We next tested for the functional redundancy between dSfmbt and Scm in the repression of these target genes. To this end, we removed dSfmbt function in animals that lack wild-type Scm protein and instead express the MBT-mutant protein ScmD215N. Specifically, we induced clones of dSfmbt null-mutant cells in ScmD215N mutant Drosophila larvae and analyzed the clones of dSfmbt ScmD215N double-mutant cells for mis-expression of PcG target genes. In the wing imaginal disc, cell clones lacking dSfmbt show widespread mis-expression of the PcG target gene Ubx (Klymenko et al, 2006), but they do not show mis-expression of Abd-B (Figure 6). Similarly, Abd-B is not mis-expressed in wing imaginal discs of ScmD215N-mutant animals (Figure 6). In striking contrast, Abd-B is strongly mis-expressed in clones of dSfmbt ScmD215N double-mutant cells (Figure 6). A similar strong synergy between these two Polycomb repressor proteins is observed at the en gene. In imaginal discs with dSfmbt single-mutant clones, en is only mis-expressed in a subset of clones in specific regions of the disc but remains repressed in other parts of the disc, and en is not mis-expressed in ScmD215N single mutants. In contrast, en is strongly mis-expressed in clones of dSfmbt ScmD215N double-mutant cells (Figure 6). In addition, dSfmbt ScmD215N double-mutant cell clones show a tumour-like phenotype that is characterized by unrestricted cell proliferation (Figure 6). This phenotype is not observed in either of the single mutants (Figure 6) but is characteristic of cell clones lacking the PRC1 components Psc–Su(z)2 or Ph (Oktaba et al, 2008).

Figure 6
dSfmbt and Scm interact functionally to maintain Polycomb repression. dSfmbt and Scm act redundantly to maintain repression of Polycomb target genes Abd-B and en in Drosophila. Wing imaginal discs stained with antibodies against Abd-B (red, top) or En ...

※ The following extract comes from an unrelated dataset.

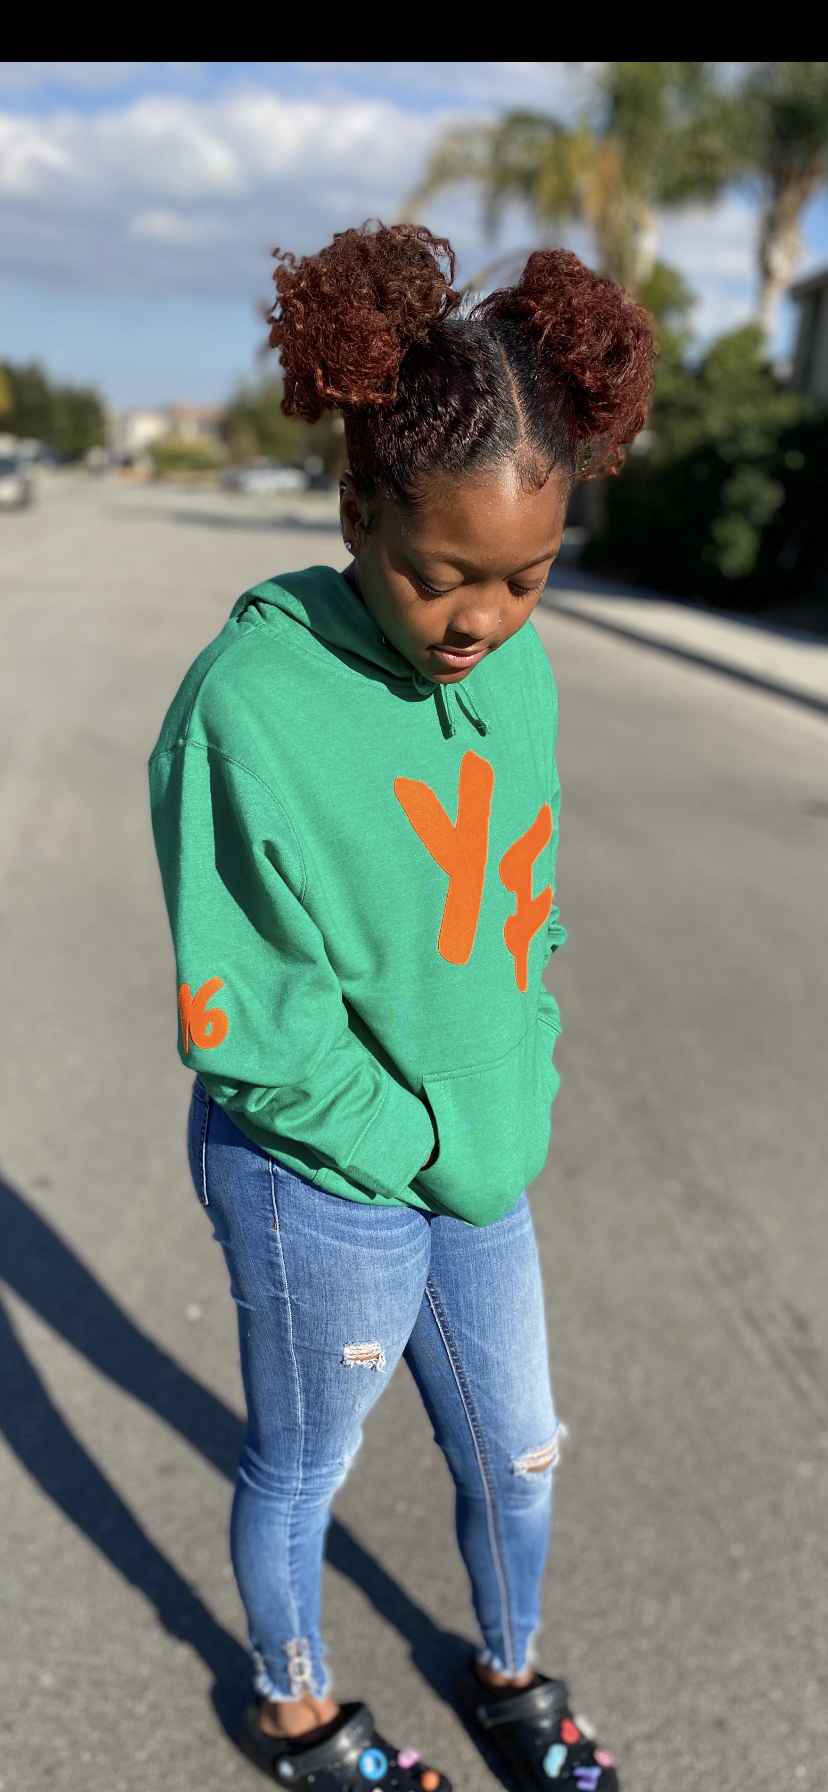 YOUNG FASHION "GREEN DAY" HOODIE

To test whether this strong genetic interaction between dSfmbt and Scm was specific, we used the same strategy to remove the function of the PcG gene calypso (Gaytán de Ayala Alonso et al, 2007) in ScmD215N-mutant Drosophila larvae. Like in the case of dSfmbt, clones of calypso single-mutant cells in the wing imaginal disc show mis-expression of Ubx (Gaytán de Ayala Alonso et al, 2007) but maintain repression of Abd-B and en (Figure 6). In clones of calypso ScmD215N double-mutant cells, en remains fully repressed, and the clones do not show the tumour-like phenotype observed in dSfmbt ScmD215N double-mutant clones (Figure 6). Abd-B becomes mis-expressed in a fraction of calypso-ScmD215N clone cells but mis-expression is much less extensive than in dSfmbt ScmD215N double-mutant clones (Figure 6). Removal of dSfmbt function in ScmD215N-mutant animals therefore results in a much more severe Polycomb phenotypes compared with when calypso is removed in this genetic background. Taken together, these results suggest a particularly strong synergy between the PhoRC-component dSfmbt and the PRC1-component Scm in the repression of target genes and the control of cell proliferation.

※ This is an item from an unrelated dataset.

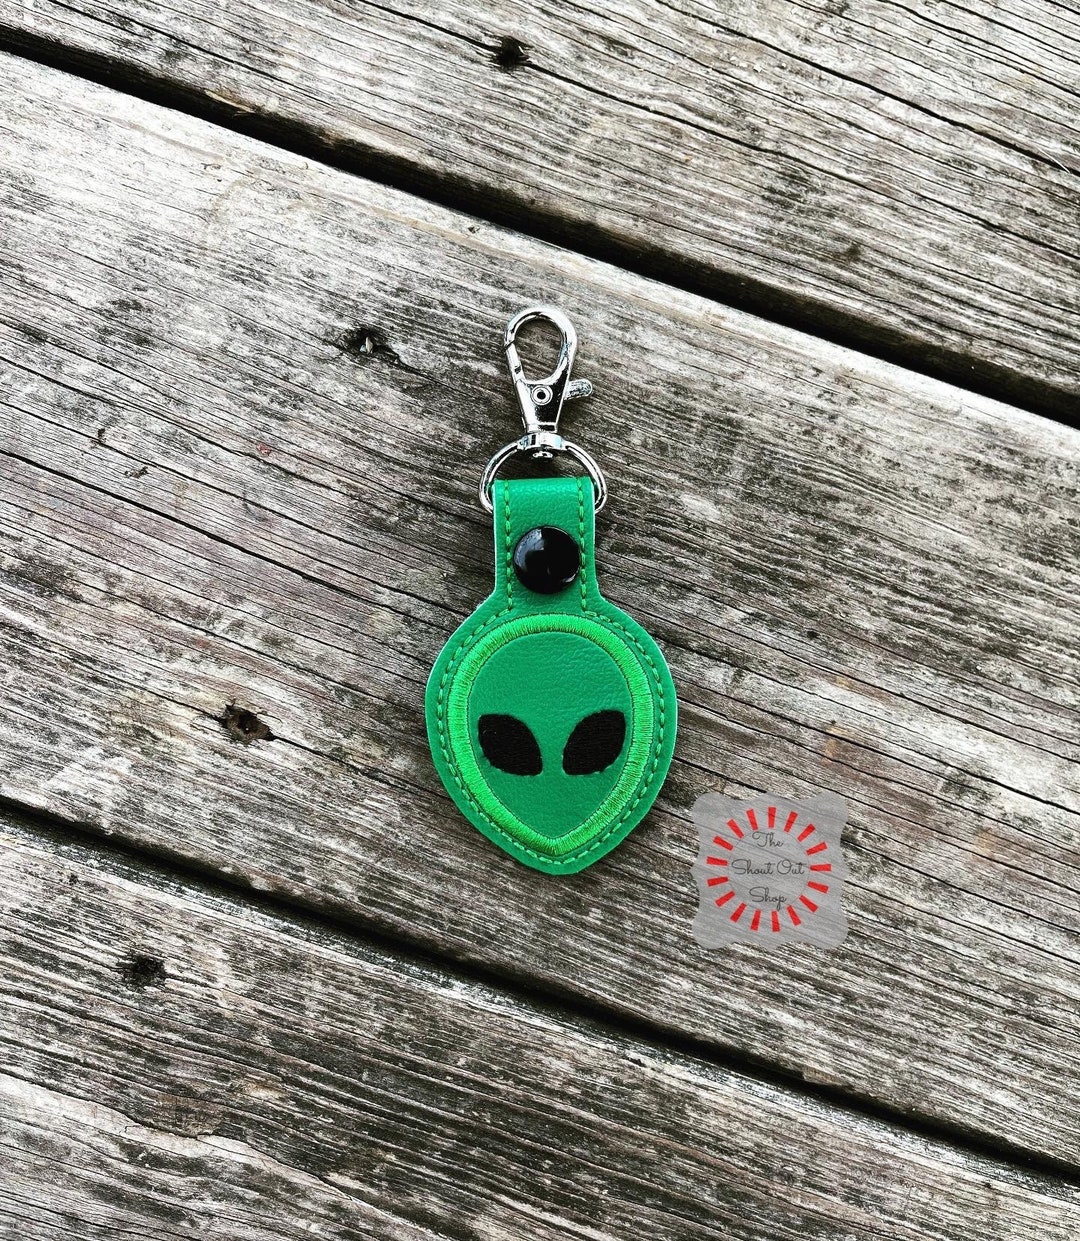 Alien Keychain, Alien Key Chain, Alien Key Ring, Alien Keyring, Martian Key  Chain, Extraterrestrial, Outer Space, UFO, Alien, Spaceship Gift

Direct interaction between dSfmbt and Scm proteins

The strong genetic interaction between dSfmbt and Scm prompted us to test whether these two proteins might also physically interact with each other. To this end, we co-expressed Scm and dSfmbt in Sf9 cells using baculovirus and tested whether they form a stable complex, which can be purified from Sf9 cell extracts. As controls, we co-expressed Scm along with the PhoRC-component Pho or with Ph, the PRC1 component that had been reported to interact with Scm (Peterson et al, 1997, 2004). Flag-affinity purification from extracts of Sf9 cells that co-express Flag–Scm and untagged dSfmbt resulted in the isolation of a stable Scm–dSfmbt complex (Figure 7A). Ph also interacted weakly with Scm under the same assay condition but Pho did not form any complex with Scm (Figure 7A).

Figure 7
Reconstitution of Scm–dSfmbt complexes. (A) FLAG-tagged Scm and untagged dSfmbt, Ph or Pho proteins were affinity purified by FLAG-tag, separated by SDS–PAGE and visualized by Coomassie staining (top). Western blot of corresponding Sf9 ...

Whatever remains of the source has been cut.